Altimmune MASH Drug Data Earns 1 'Best of EASL' Selection

Altimmune Inc. (Nasdaq: ALT) announced that 48-week data from its pemvidutide trial in metabolic dysfunction-associated steatohepatitis (MASH) has been selected for the “Best of EASL 2026,” a distinction highlighting its significance ahead of the annual liver congress.

The selection by the European Association for the Study of the Liver (EASL) suggests the late-stage data is viewed as a noteworthy contribution to the scientific program. "A copy of the oral presentation and posters will be available in the Events section of the Altimmune website," the company said in its statement.

The full 48-week efficacy and safety results from the IMPACT Phase 2b trial will be presented orally on May 28. Additional posters include a late-breaking abstract on 24-week fibrosis regression analyzed by digital pathology, a responder analysis using multiple non-invasive tests, and the drug's effect on cardiovascular risk factors over 48 weeks.

The "Best of EASL" recognition is a significant vote of confidence for pemvidutide, potentially de-risking the asset for investors and attracting partners. The drug, a balanced 1:1 glucagon and GLP-1 dual agonist, holds both Fast Track and Breakthrough Therapy designations from the FDA for MASH.

Detailed Presentation Schedule

Altimmune will feature its data across one oral and three poster presentations at the EASL Congress 2026 in Barcelona. The main event is the oral presentation by Dr. Mazen Noureddin of Houston Methodist Hospital, which will cover the top-line 48-week results from the IMPACT study.
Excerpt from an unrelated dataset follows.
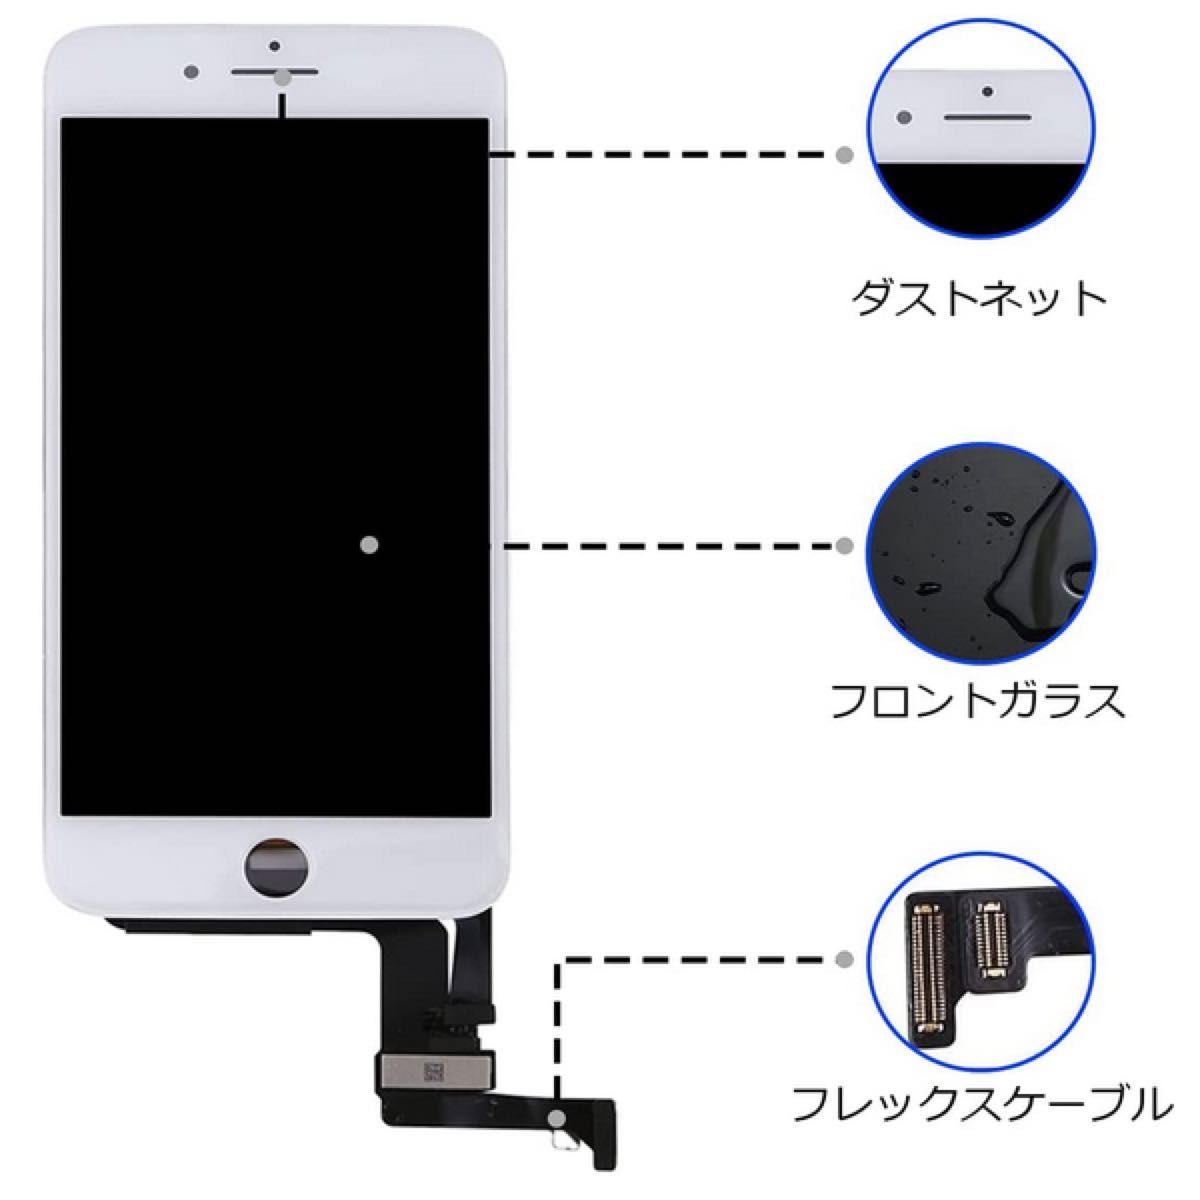 【新品】iPhone8/SE2/SE3白 フロントパネル 画面修理交換 工具付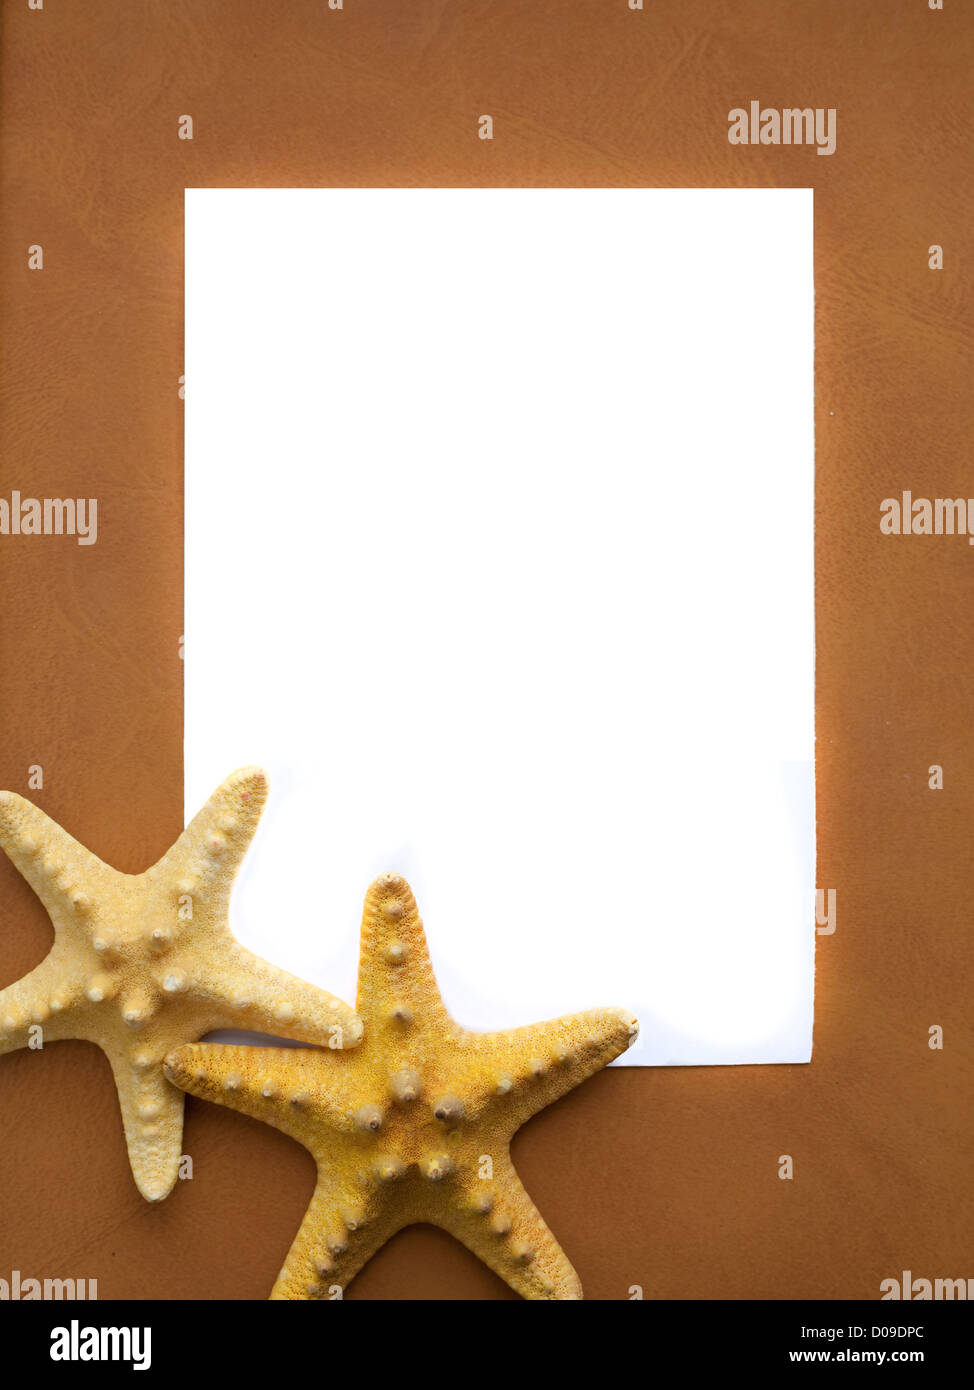 Bastidor de mar con estrellas marinas y espacio vacío Foto de stock

The presentations are scheduled as follows:

Oral Presentation (48-Week Data): Thursday, May 28, at 17:00 CEST.
Late-Breaking Poster (24-Week Fibrosis Regression): Wednesday, May 27, at 08:30 CEST.
Poster (24-Week Non-Invasive Tests): Friday, May 29, from 08:30-17:00 CEST.
Poster (48-Week Cardiovascular Factors): Friday, May 29, from 08:30-17:00 CEST.

IMPACT Trial and Pemvidutide Profile

The IMPACT Phase 2b study enrolled 212 participants with biopsy-confirmed MASH and significant fibrosis (stages F2 or F3). Patients were randomized to receive weekly injections of 1.2 mg or 1.8 mg of pemvidutide, or a placebo, for 48 weeks. The trial's primary endpoints, measured at 24 weeks, were MASH resolution or fibrosis improvement.

Pemvidutide is also being developed for alcohol use disorder and alcohol-associated liver disease in separate Phase 2 trials.

The selection for the "Best of EASL" summary deck is a strong positive signal ahead of the full data disclosure. For a company in the highly competitive MASH space, such an honor suggests the results are clinically meaningful and statistically significant, which could have a major impact on the company's valuation and future development plans. Investors will be closely watching the detailed efficacy and safety profile presented on May 28.

This article is for informational purposes only and does not constitute investment advice.